It has been proposed that hormonal fluctuations during the sexual cycle, pregnancy and post-partum shape the vaginal microbiota (reviewed by18). Both lactation and menstruation are marked by hormonal changes in the vagina, which may be indirect or direct driving factors for the shift in vaginal microbiota observed in this study (Figs. 13). Studies on SIV susceptibility in rhesus monkeys have shown that hormone treatment can lead to an altered susceptibility3,9. During high levels of estrogen, changes in the vaginal epithelium, including changes in vaginal microenvironment, may have a protective effect3. Further investigations are necessary to examine the causal relationship between hormone levels, changes in the NHP vaginal microbiota, and susceptibility to pathogens. However, it has become clear, that a more holistic understanding on host-pathogens interactions is required for the interpretation of animal experiments as host factors can influence the microbiota and vice versa (reviewed by1).

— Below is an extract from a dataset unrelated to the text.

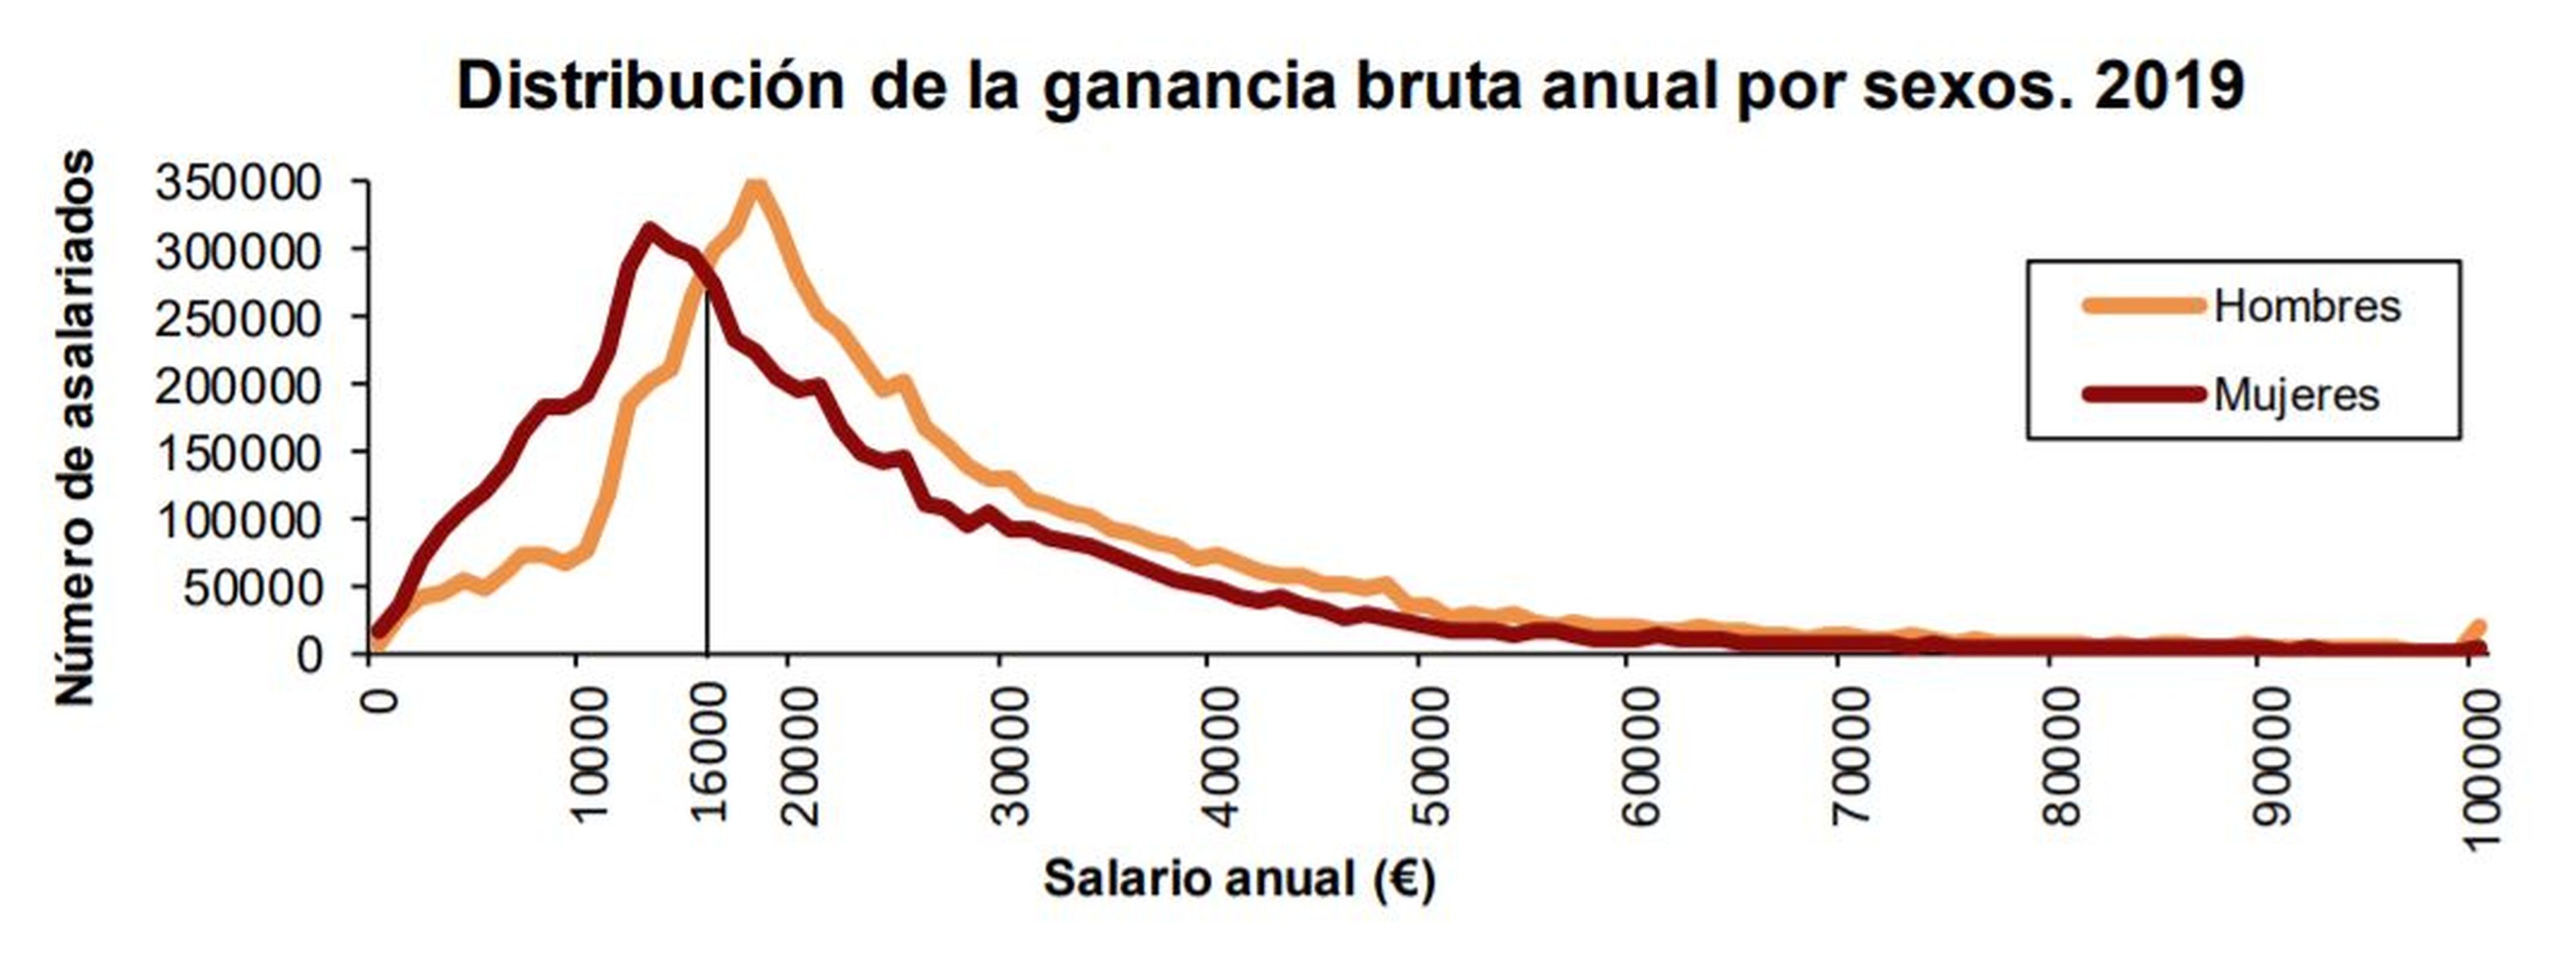 Fuente: Encuesta Anual de Estructura Salarial del INE en 2019.
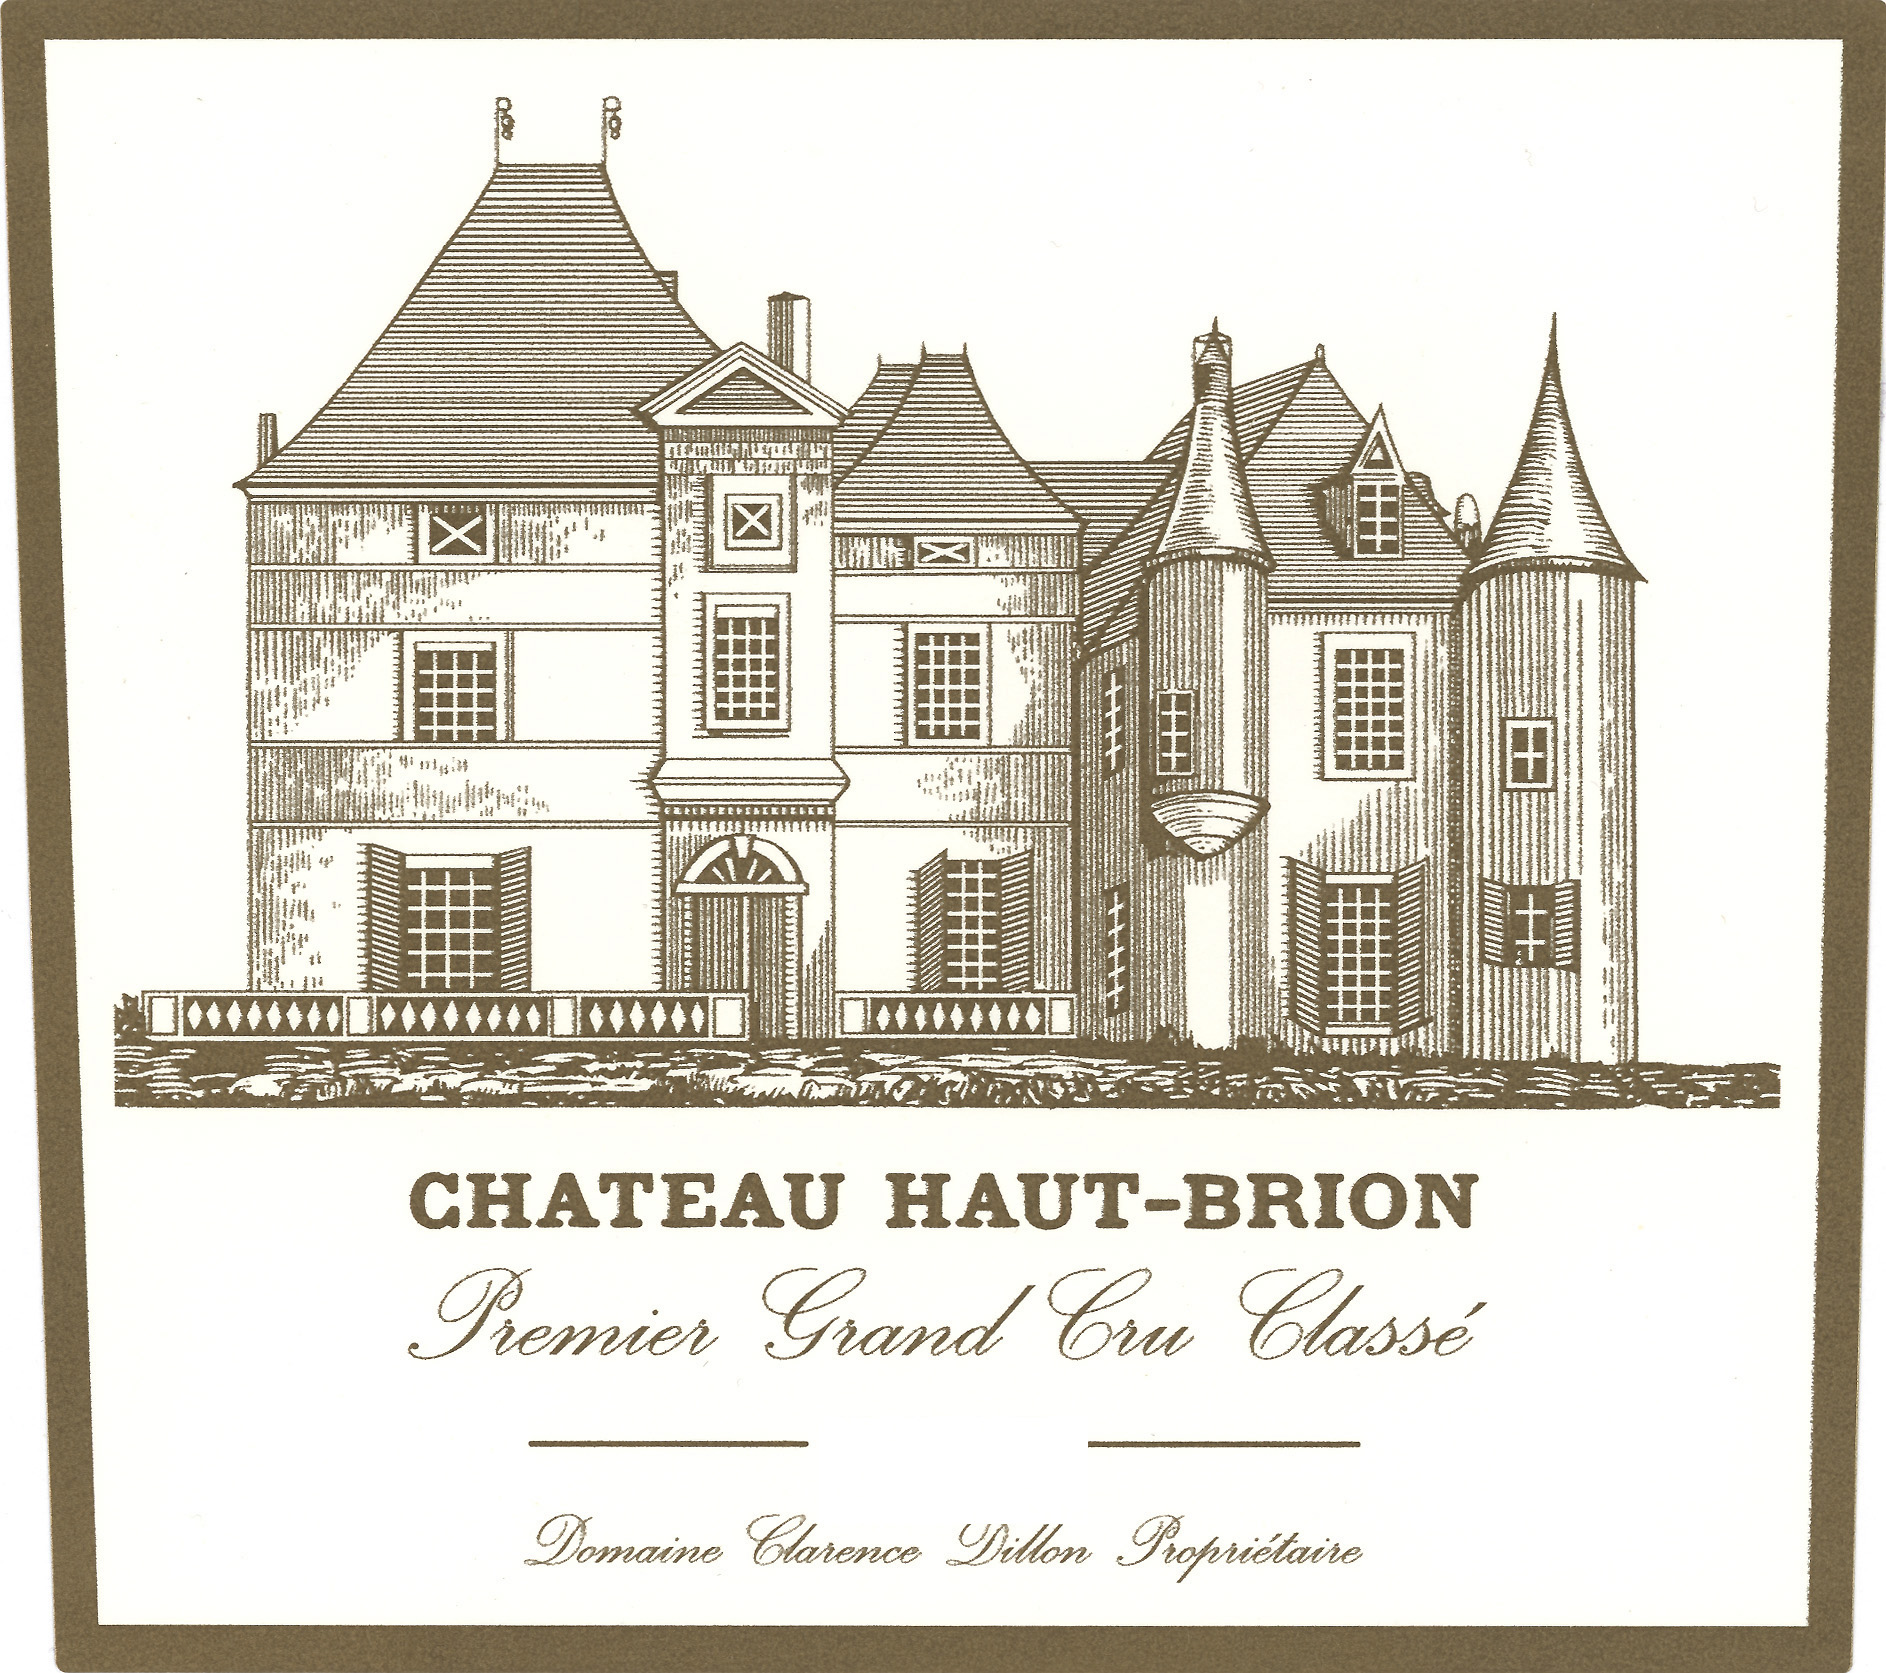 Chateau Haut-Brion label

We examined the male urethral microbiota of the rhesus monkeys to further compare the genital microbiota of females and males in a single breeding unit. To our knowledge, there has been no studies on the urethral microbiota of wild or captive NHPs to date. Four bacterial phyla, Firmicutes, Bacteroidetes, Proteobacteria, and Actinobacteria, compose the majority of identified sequences in the urethra. On the phylum level, the urethral microbiota of the male rhesus monkeys were similar to that reported in humans with Firmicutes making up the largest proportion23. In our male animals, notable urethral taxa include Prevotella, Porphyromonas, and Ezakiella, have all been previously associated with the urinary tract microbiota of adult men23,24,25. Prevotella has been previously detected in the genital microbiota of healthy female rhesus monkeys indicating that this genus plays a residential role in the rhesus monkeys’ genital microbiota10. In humans, some species of Prevotella have been associated with disease states (e.g., bacterial vaginosis26) while other species can be found in clinically healthy women (e.g., post-partum22). Identifying the specific species of Prevotella and their functional role in NHPs may be important to further understand the vaginal microbiota of NHPs. For the urethral microbiota, it is difficult to compare the prevalence of Prevotella in the male rhesus monkey to other studies, as there is currently no consensus on the core urethral microbiota, even in humans25. As a result, large scale investigations need to be performed to study the male urogenital microbiota including factors that influence this unique ecosystem in health and disease25.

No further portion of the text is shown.